Waar de zonde meerder geworden is, daar is de genade veel meer overvloedig geweest. Romeinen 5:20
Om te weten wat de genade is in haar heerschappij over de zonde, en in haar overvloedig zijn over de toeneming der ongerechtigheid, moeten wij in de geest in de diepte van de val worden geleid. Wij moeten door God zelf in de geheimen van ons eigen hart worden geleid; wij moeten treurende gemaakt worden over onze zonden en afgoderij van onze gevallen natuur. En wanneer dan, laat ons doen wat wij willen, de zonde steeds wil werken, heersen en meerder worden, en wij zo ver gekomen zijn, dat wij onze armoede, hulpeloosheid en ellende gevoelen, door onze zielen levend te maken, ons van de toekomende toorn Gods te verlossen en tegen de heerschappij van de boze te behoeden, dan beginnen wij te zien, dat de genade overvloediger wordt over de toenemende zonde in onze boze harten, en daar zij vloeit door de weg van ’s Heeren lijden, zal zij nimmer haar begunstigden aan zichzelf overlaten, maar hen voeren tot het genot van het eeuwige leven. En zo dit niet in staat is de ziel te doen smelten en te bewegen en de mens te dringen God te loven en te prijzen, dan is er niets meer dat zulks zal of kan doen! Maar zulks kan niet gekend worden, vóórdat wij in de diepten onzer eigen ongerechtigheden zijn afgedaald en gedrongen zijn geworden tot zuchten, te kermen, te treuren en te roepen onder de last, die op het geweten drukt en onder de werking der geheime zonde in het hart.
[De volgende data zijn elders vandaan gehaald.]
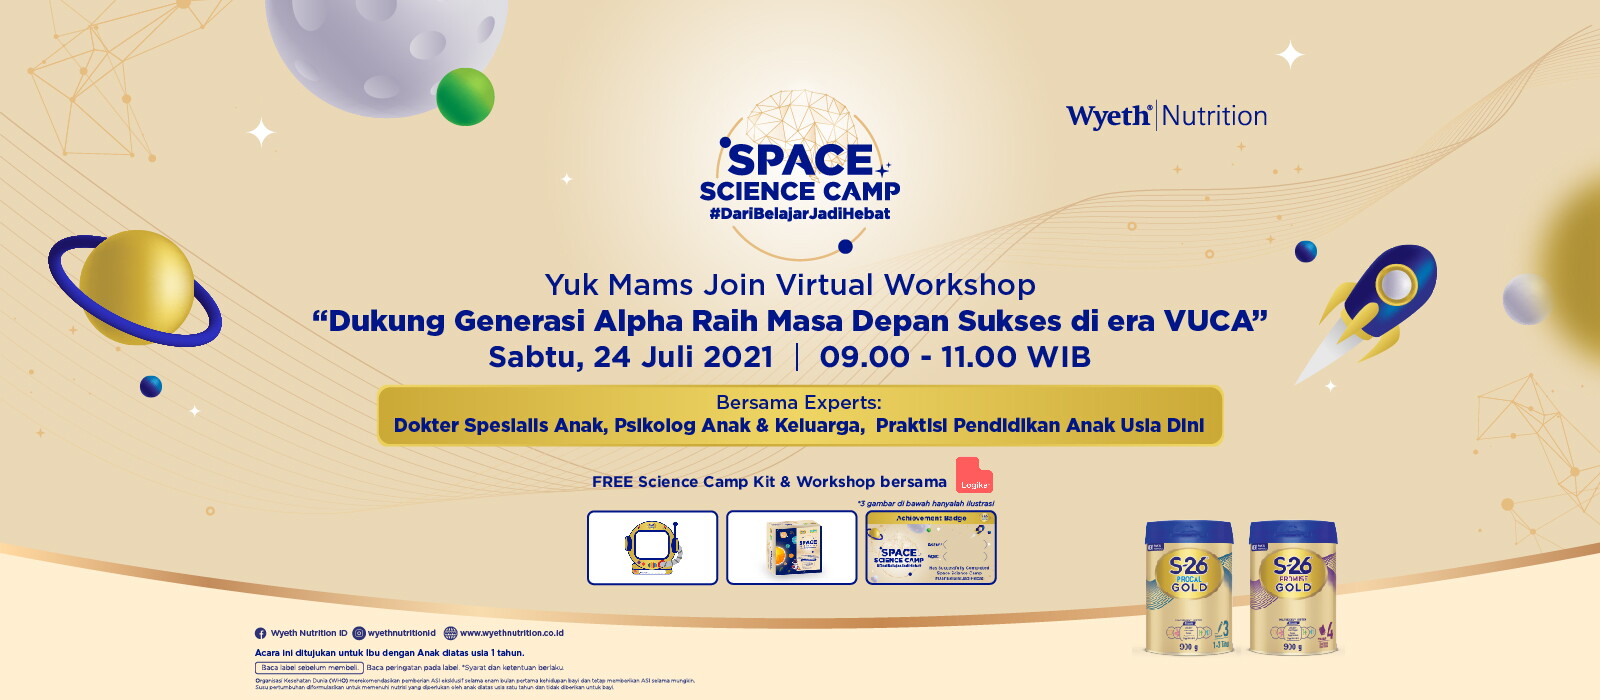 SPACE SCIENCE CAMP

Wij kunnen dit niet anders tot onze zaligheid en met kracht leren, vóórdat het Gode behaagt het door zijn gezegende macht aan onze harten toe te passen en zijn zalvende geur mede te delen, opdat wij de Waarheid mogen leren verstaan, en tot troost onzer zielen ondervinden, dat de Waarheid ons vrij maakt.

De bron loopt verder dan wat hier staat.